Добавил:
Upload Опубликованный материал нарушает ваши авторские права? Сообщите нам.
Вуз: Предмет: Файл:
Ek_R_lek_8.doc
Скачиваний:
22
Добавлен:
18.04.2015
Размер:
141.31 Кб
Скачать

8.2. Государственно-корпоративная модель экономической системы России и ее специфические черты

Во многом тип будущей экономической системы в России определяется самим способом перехода к рыночной экономике и прежде всего реализованным в нашей стране алгоритмом трансформации сложившихся в недрах плановой системы отношений собственности. Не секрет, что в 1990-е гг. в нашей стране происходил прямой захват прежних государственных предприятий, предопределивший необоснованно низкую степень присутствия государства в социально-экономической жизни страны. Положенный в основу формирующейся экономической системы метод приватизации, как отмечает С. Дзарасов, «привел к возникновению неизвестного практике и не описанного наукой номенклатурно-криминального капитализма с присущим ему нерыночным характером присвоения». Замышляя в 1992 г. беспрецедентное по скоротечности и масштабам разгосударствление собственности и приватизацию общественного имущества, правительство создавало условия «для обогащения узкого слоя крупных предпринимателей. Публично называлась цифра – примерно 50 избранных. Они-де станут «локомотивом» развития для всей российской экономики». Реализация интересов узкой группы этих олигархов, концентрирующих в своих руках финансовые, промышленные и торговые активы, закономерно приводила к становлению не регулируемой рыночной (смешанной) экономики, а экономики стихийно-рыночного типа, которую принято именовать капиталистической.

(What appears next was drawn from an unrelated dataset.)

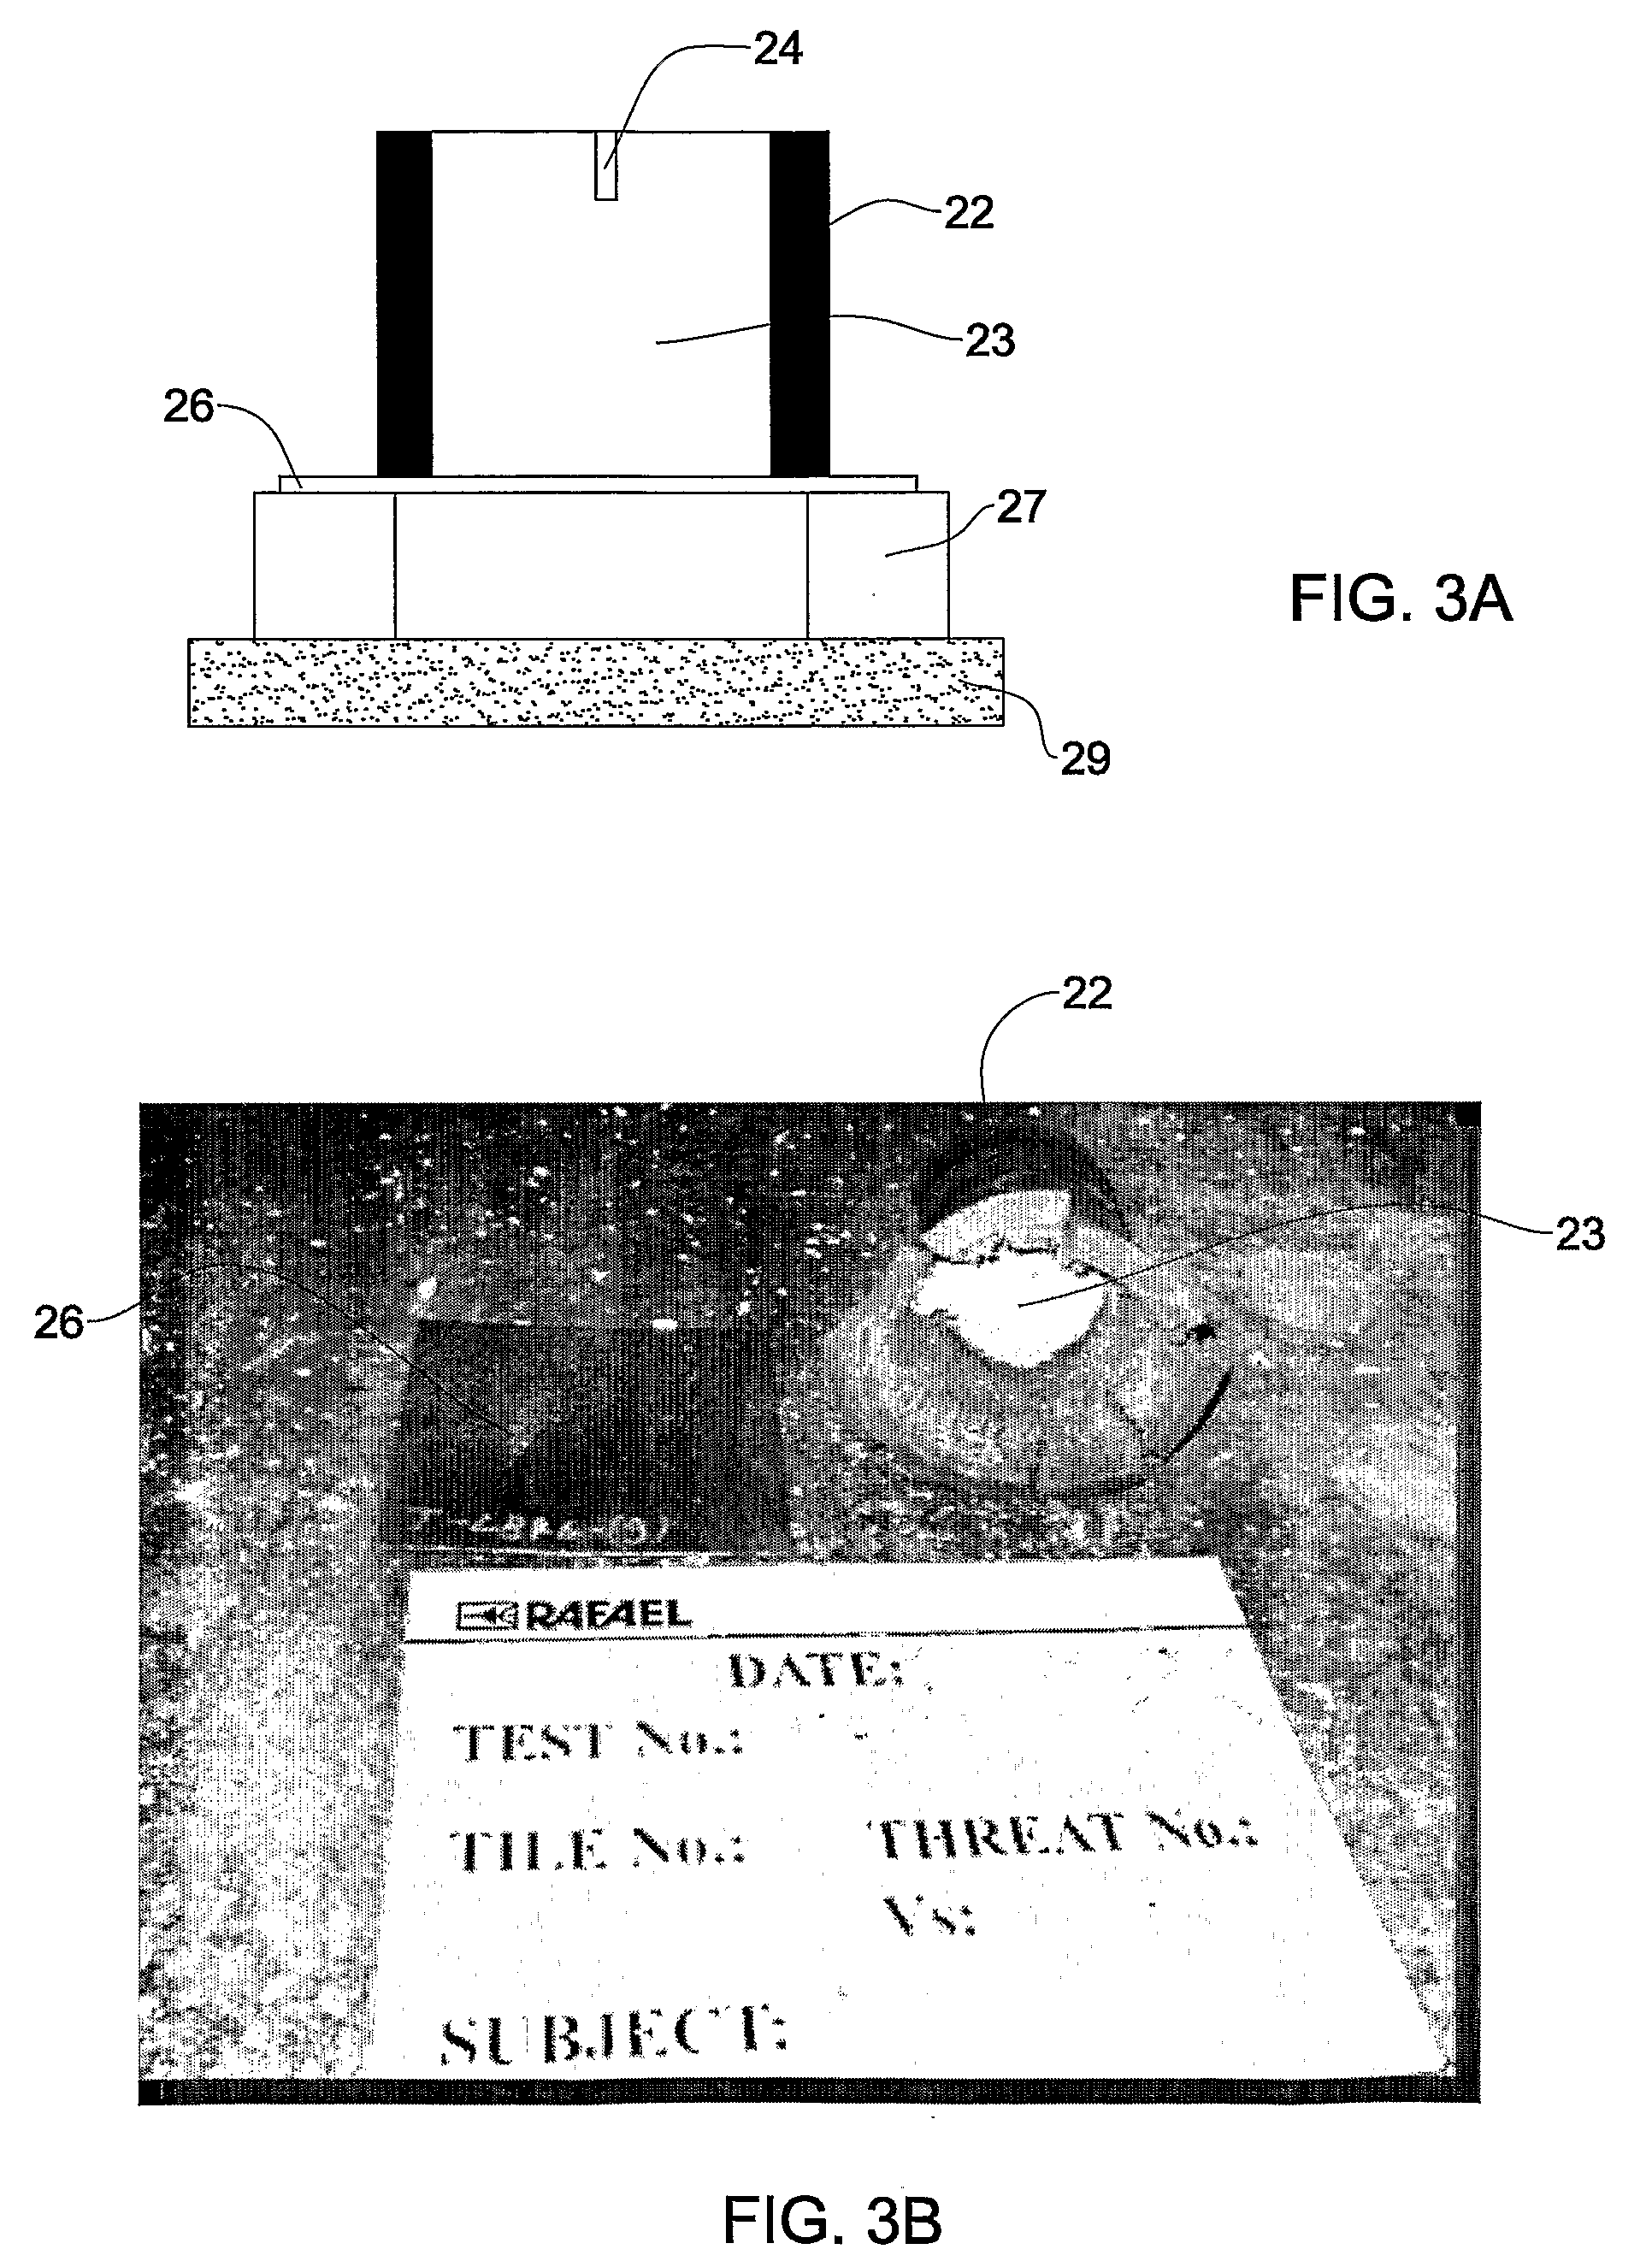 Extremely Insensitive Detonating Substance and Method for Its Manufacture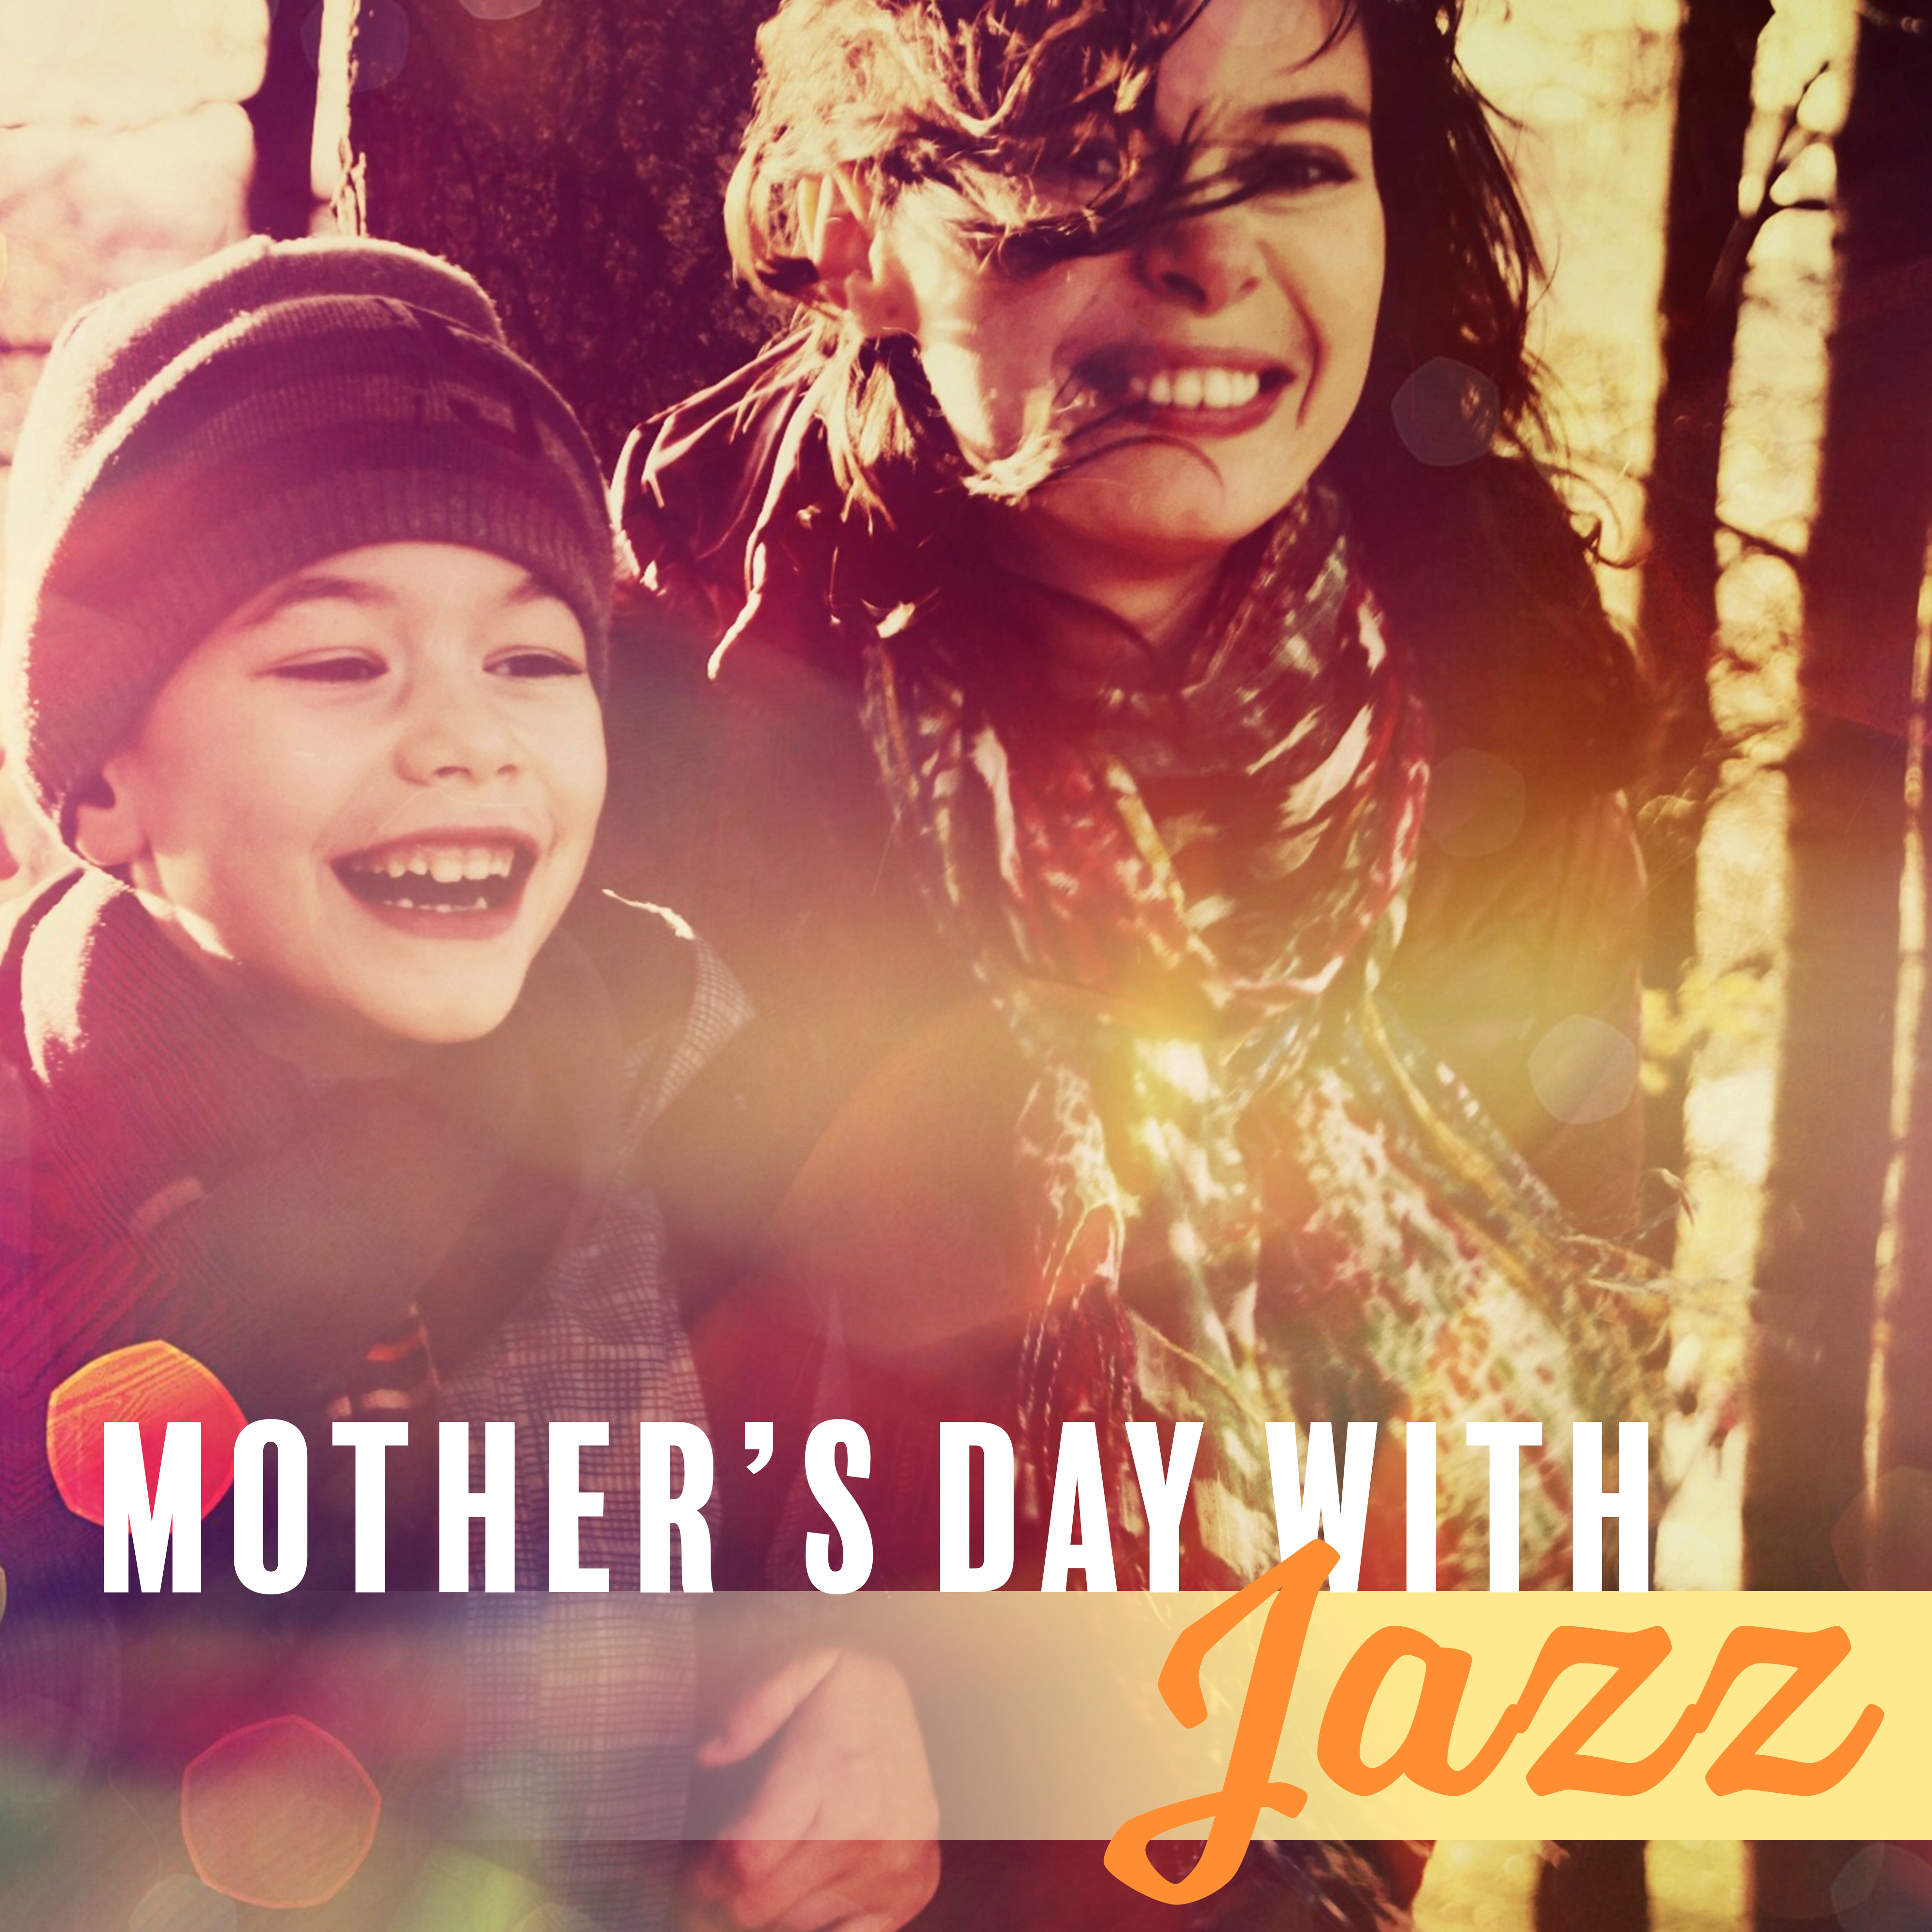 Mother' s Day with Jazz  Smooth Jazz, New Relaxing Jazz 2017, Pure Instrumental, Jazz Lounge, Piano

Российская приватизация привела к невероятной концентрации имущества и власти в руках крайне ограниченного круга лиц (унии хозяйственной и политической элит), которая выступает одной из ведущих отличительных черт капиталистического общества. При этом в отличие от западного капитализма, сохранявшегося в развитых странах до Великой депрессии, российский капитализм вырос в 1990-е гг. не из стихийно развивающихся рыночных отношений, а из сознательно управляемых властно-бюрократических структур, сомкнувшихся с криминалом. Культура рынка с его правилами игры, т. е. принятыми в цивилизованном мире правовыми и этическими нормами, ему глубоко чужда. Будучи основанным на безоговорочном доминировании финансово-промышленных групп, на высочайшей концентрации производства, перманентно воспроизводящей невиданную в мире монополизацию, российская разновидность капитализма может функционировать лишь в соответствии со своей криминальной природой, по «закону джунглей», когда сильный пожирает слабого. Понятно, что там, где больше половины валового продукта присваивается в обход честной конкуренции, путем использования силы власти, коррупции, шантажа и прямого разбоя, не могло появиться сколько-нибудь цивилизованного рынка, а значит, заведомо не следовало ожидать и его позитивного воздействия на социально-экономическое развитие.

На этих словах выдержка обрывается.